→ **ASSIGNED TASK**: Output the listing below verbatim, without images.

→ **RECORDED DATA**:
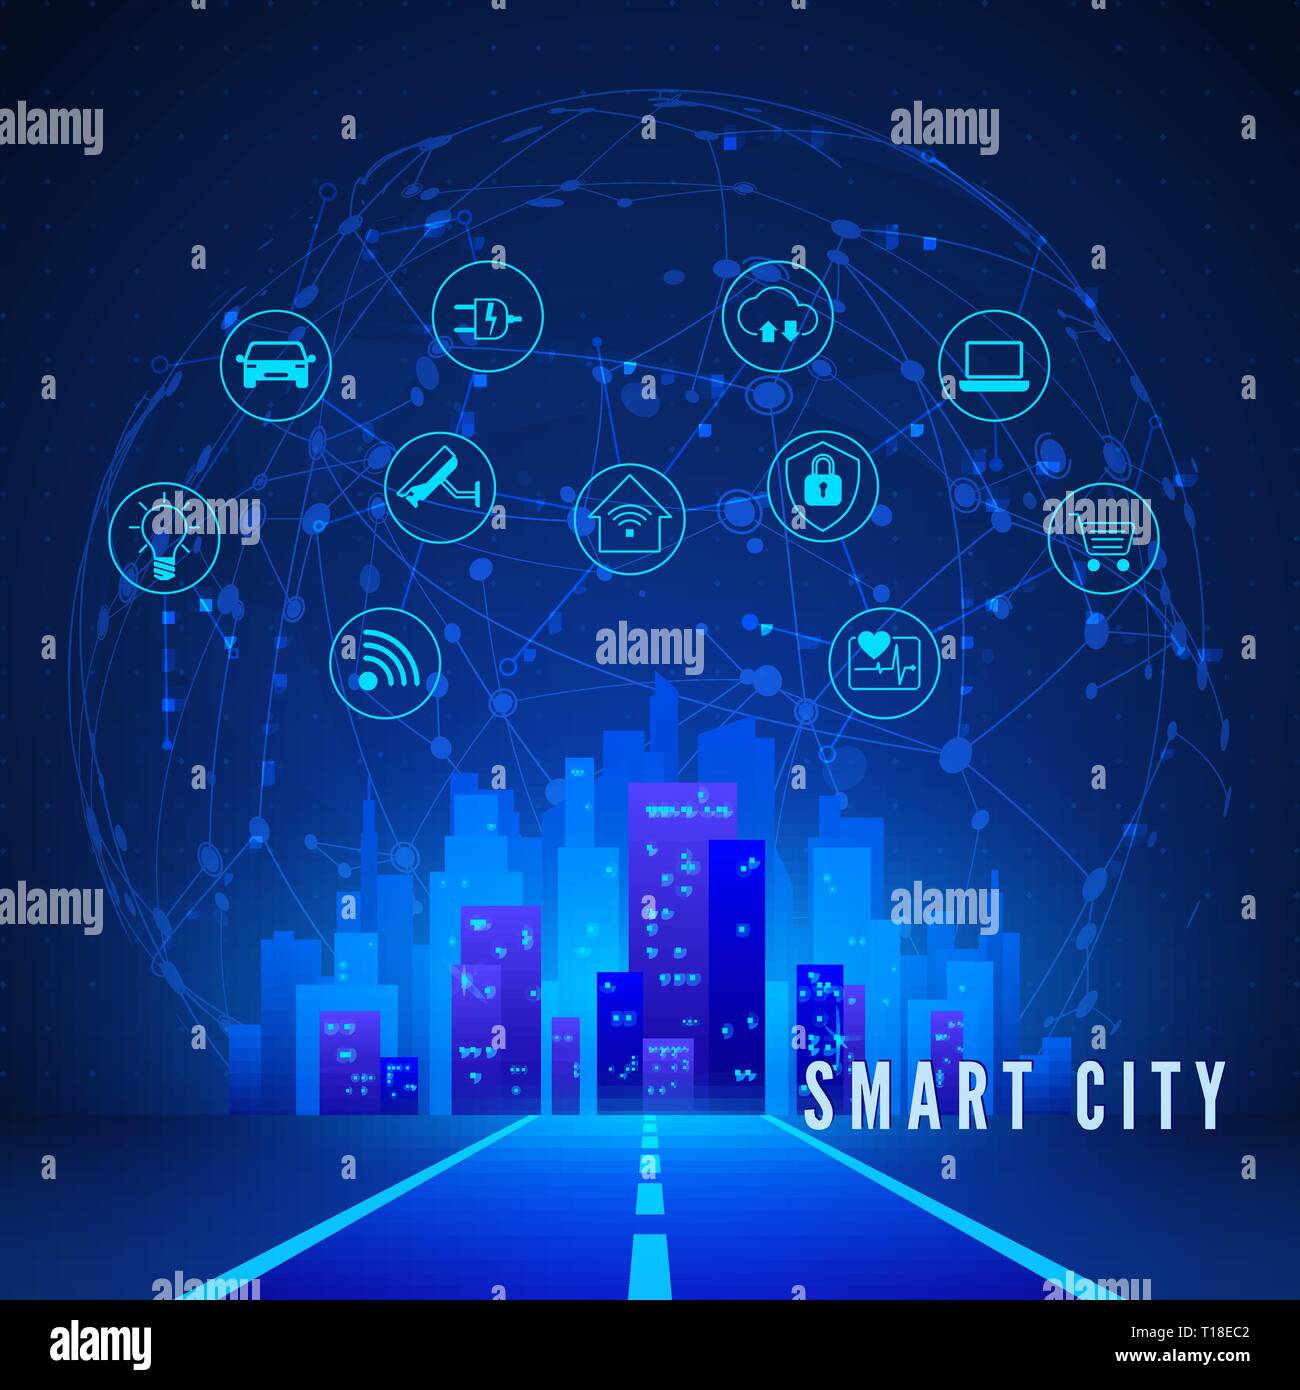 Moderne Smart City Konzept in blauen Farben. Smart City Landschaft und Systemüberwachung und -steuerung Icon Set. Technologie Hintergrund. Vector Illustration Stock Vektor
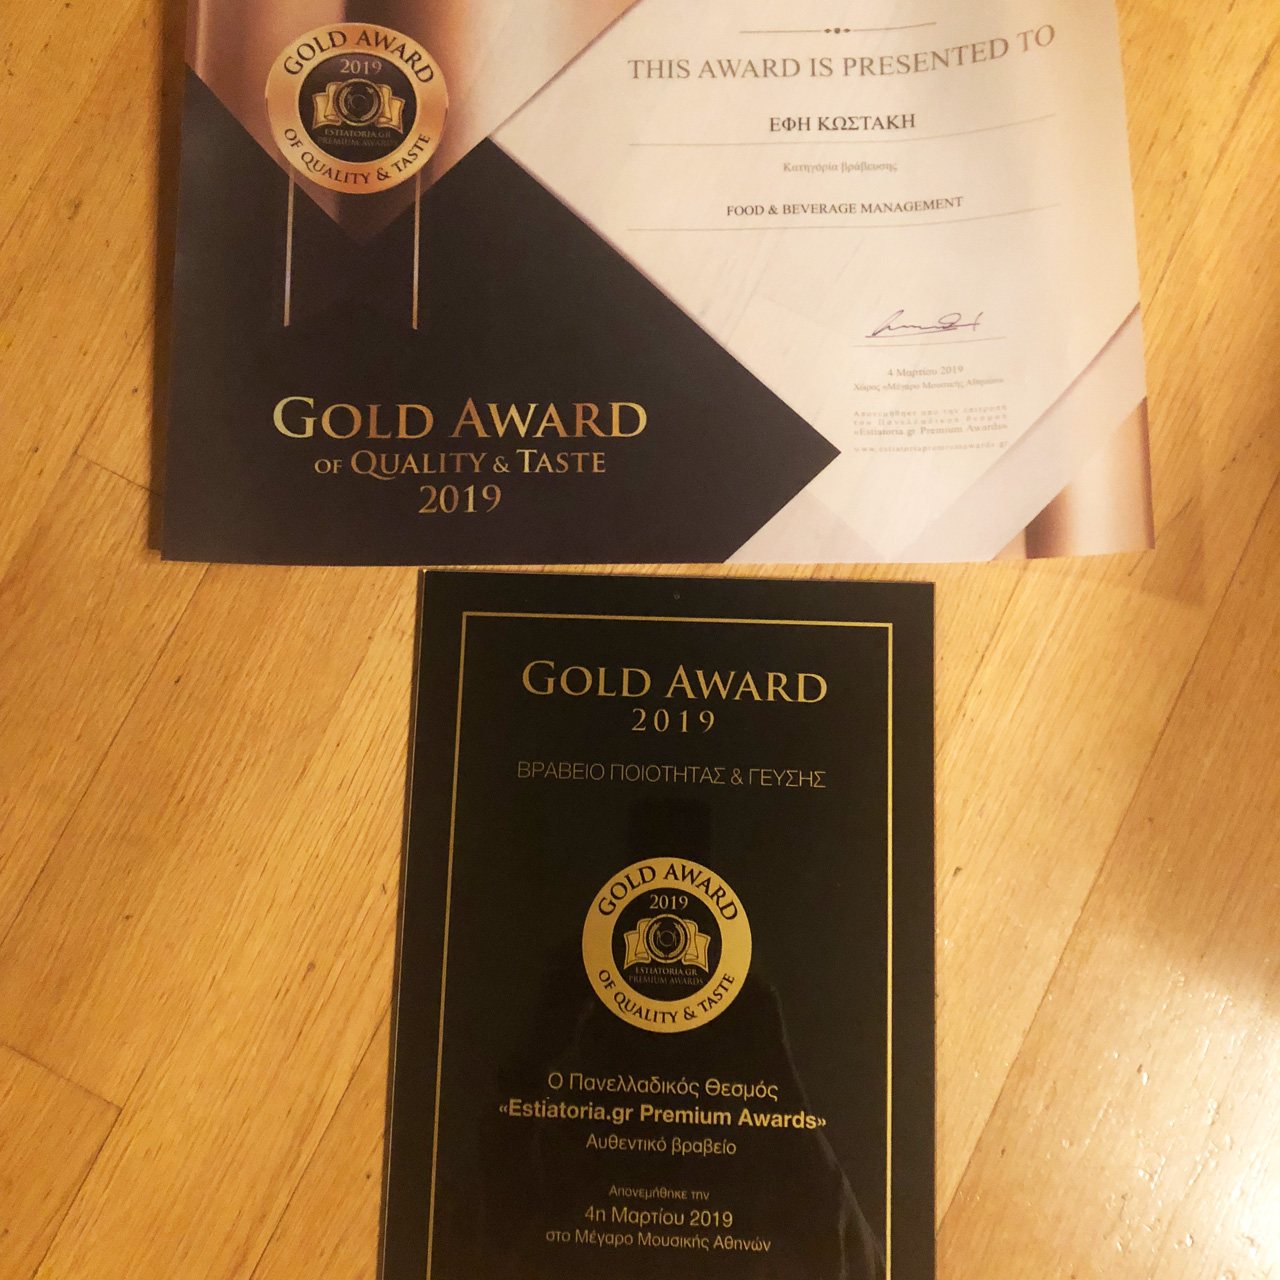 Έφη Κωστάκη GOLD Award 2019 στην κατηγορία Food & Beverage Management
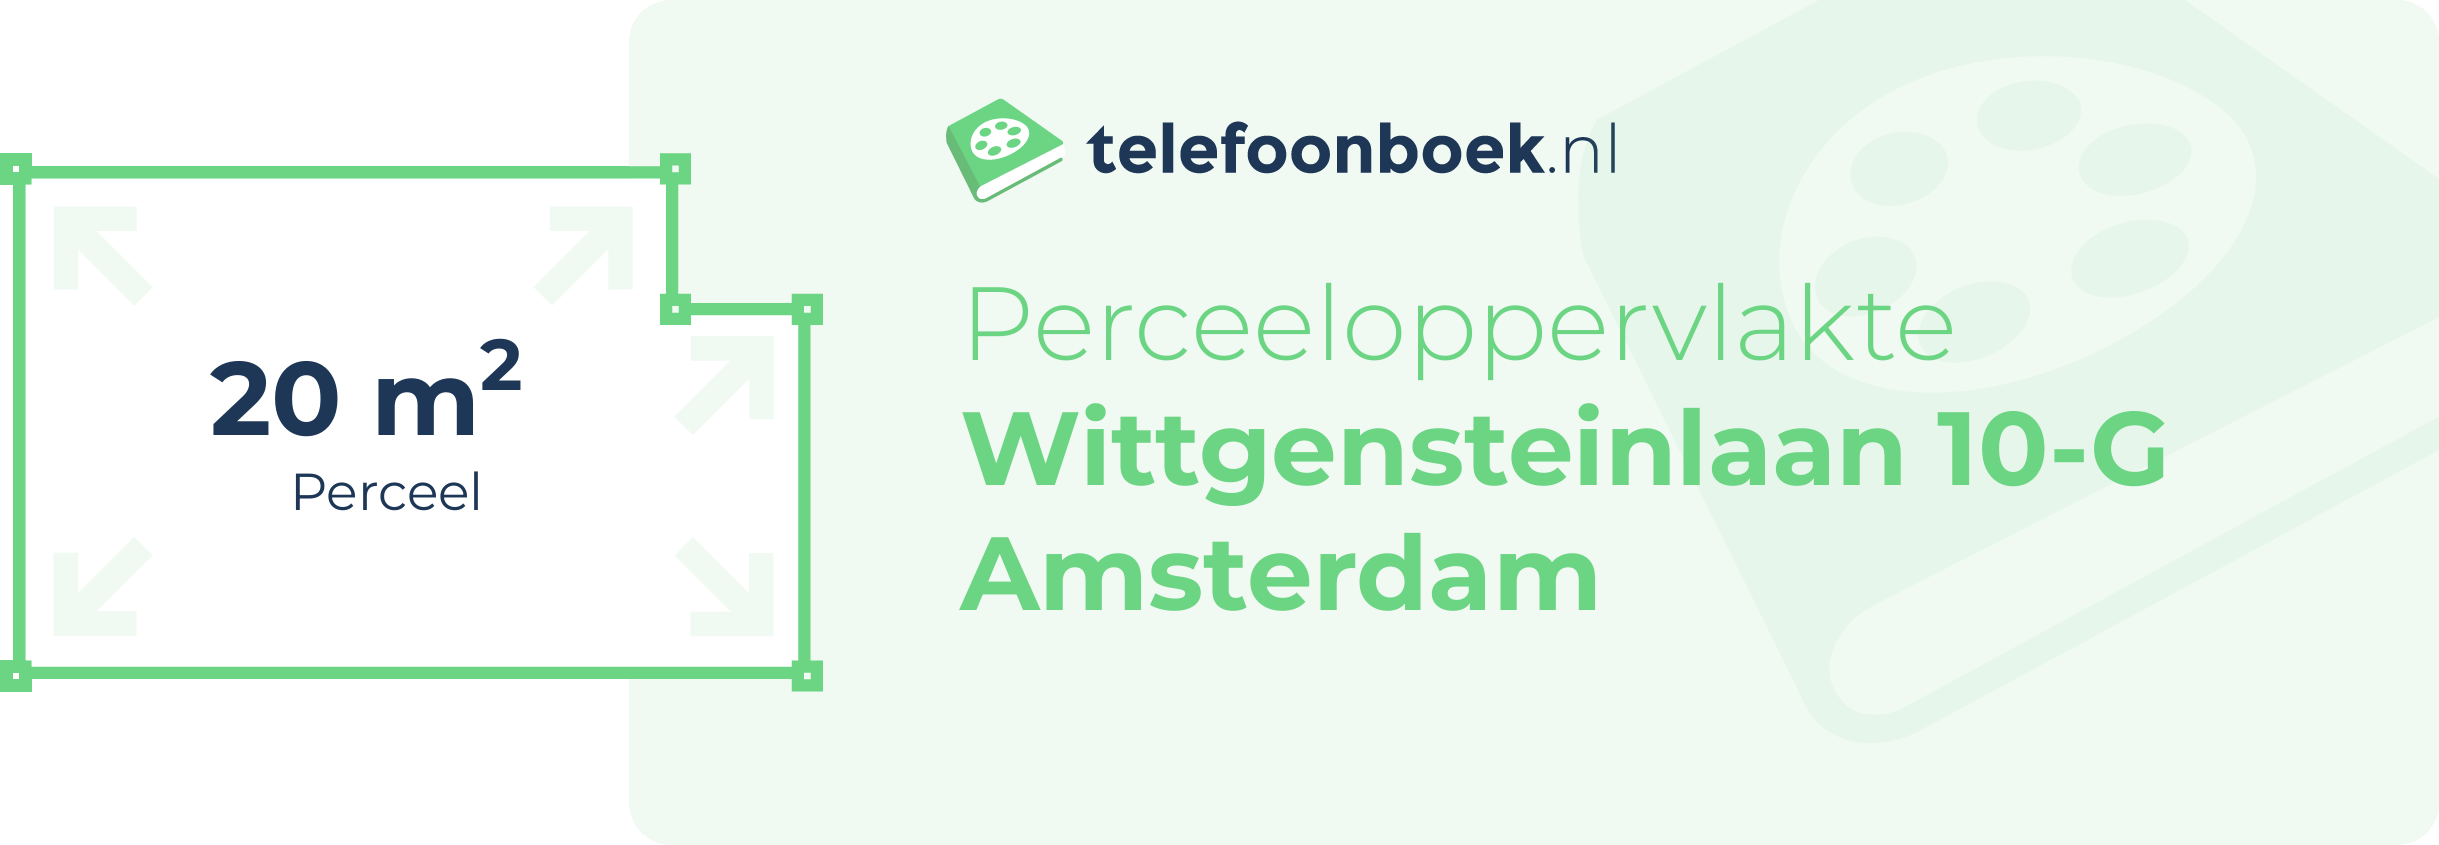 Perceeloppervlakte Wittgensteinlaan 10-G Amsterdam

→ **RESPONSE TO THE TASK**:
 Moderne Smart City Konzept in blauen Farben. Smart City Landschaft und Systemüberwachung und -steuerung Icon Set. Technologie Hintergrund. Vector Illustration Stock Vektor
 Έφη Κωστάκη GOLD Award 2019 στην κατηγορία Food & Beverage Management
 Perceeloppervlakte Wittgensteinlaan 10-G Amsterdam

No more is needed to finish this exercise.